A gente perdoa golpe para dar à instituição golpista uma
nova chance
— Tô perto da posição, vai cancelar o jogo?
— Abortar... Áustria volta para local de desembarque, ainda
estamos aqui.
— Gana prossegue para resgate com Japão.
— Brasil já foi para ponto resgate.
O diálogo
entre Gana, Áustria, Japão e Brasil, codinomes dos executores do plano de
sequestro e assassinato da "professora", codinome de Alexandre
de Moraes, ilustra momento mais dramático da operação bolsonarista do
golpe. "Por onde anda a professora?", perguntava Mauro Cid pouco
antes. "Informação de que foi para escola em SP". Talvez se
referissem à faculdade
onde o ministro leciona.
"Brasil já foi para ponto resgate" nos deu uma
metáfora notável. Desses achados que sintetizam uma época. Está em curso, de
novo, o "resgate" da instituição militar contra sua sujeição a
controle constitucional. A tradição de leniência perante nossa maior
instituição de delinquência política volta a mostrar sua força.

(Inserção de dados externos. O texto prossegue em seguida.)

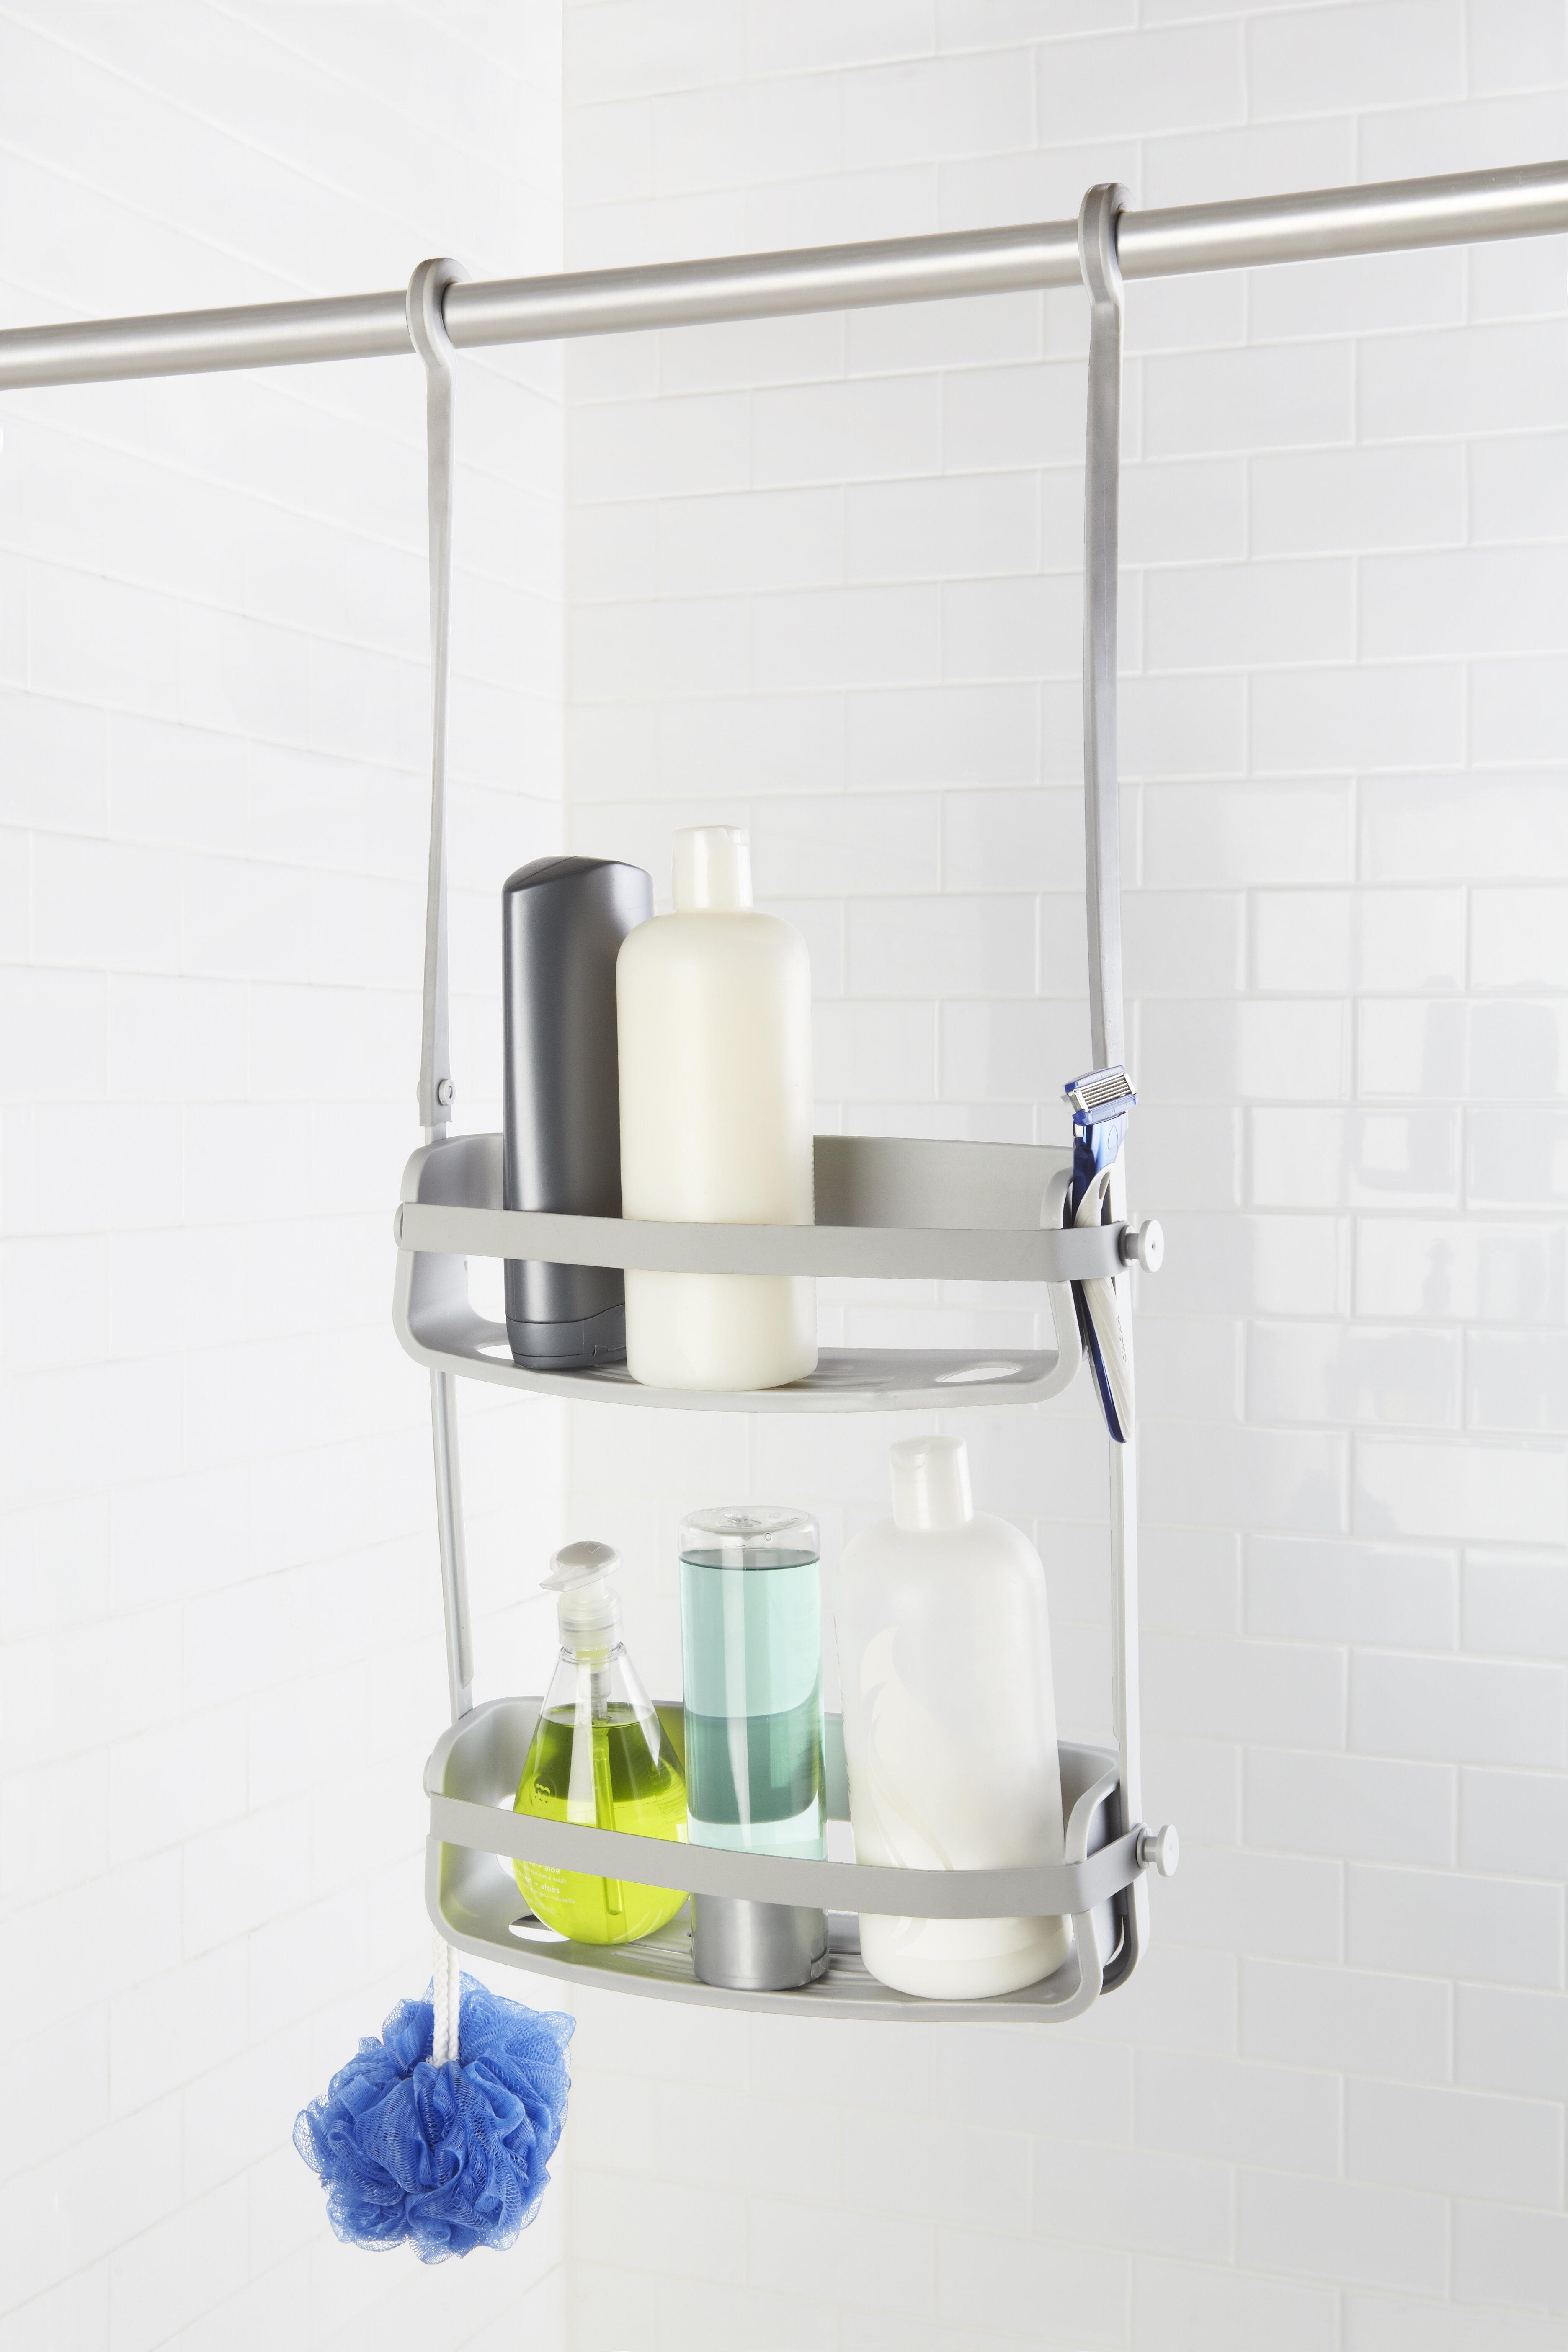 Shower Shampoo Holders You Ll Love In 2019 Wayfair

Para esse resgate, é crucial distinguir a
instituição dos indivíduos que a compõem, estratégia analítica refinada, mas
com limites. Afirma-se que
a instituição não tem responsabilidade sobre os crimes cometidos por
alguns de seus membros, que merecem ser responsabilizados. Preserva-se a honra
da instituição na expectativa de que só se consiga ver crimes individuais e não
a corrupção institucional.
Outra vez buscamos saber se há militares legalistas que
resistem a golpistas. Se algum dia houve legalistas sinceros ou apenas
legalistas hipócritas. Se, na brecha para atacar a democracia, os
"legalistas" decidiram não embarcar porque se subordinam à lei ou
apenas ao medo da derrota, do risco de serem presos ou de perderem alguma
sinecura. Se, no final das contas, a cúpula da instituição se resume a
golpistas ativos e golpistas passivos.
A crueza das informações
documentadas pela Polícia Federal traz provas para atribuição de
responsabilidades individuais aos militares que cometeram crime. Não puni-los
seria convite para a reincidência.
João Castro Rocha lembrou: "Houve duas tentativas de
golpe contra Juscelino. Na primeira, JK anistiou o líder do golpe. O que fez o
líder anistiado? Tentou segundo golpe contra JK junto com o capitão Burnier.
Jânio anistiou Burnier. Ele foi um dos artífices do golpe de 1964. E foi dos
mais abjetos torturadores da ditadura. Foi quem principiou a torturar o
ex-deputado Rubens Paiva e ajudou a transformar a Aeronáutica num dos centros
de tortura da ditadura."
E concluiu: "É isso que acontece quando se anistia um
golpista. Ele volta mais forte."
A receita vale para a delinquência individual, mas sobretudo
para a institucional. As estruturas de fundo e a mentalidade vigente nas Forças
Armadas facilitam insubordinação à democracia constitucional.
Permanecem blindadas por esse consórcio entre duas tradições
da covardia: a covardia militar, que opta pela ditadura quando a democracia não
atende seus delírios de grandeza; a covardia civil, que prefere "não
mexer" com militares.
Vai sair caro absolver as dezenas de milicos que praticaram
crime. Vai sair muito mais caro anistiar a instituição militar. Preservar sua
isenção ao controle civil e a qualquer demonstração de competência e
integridade: a Grande Anistia será essa.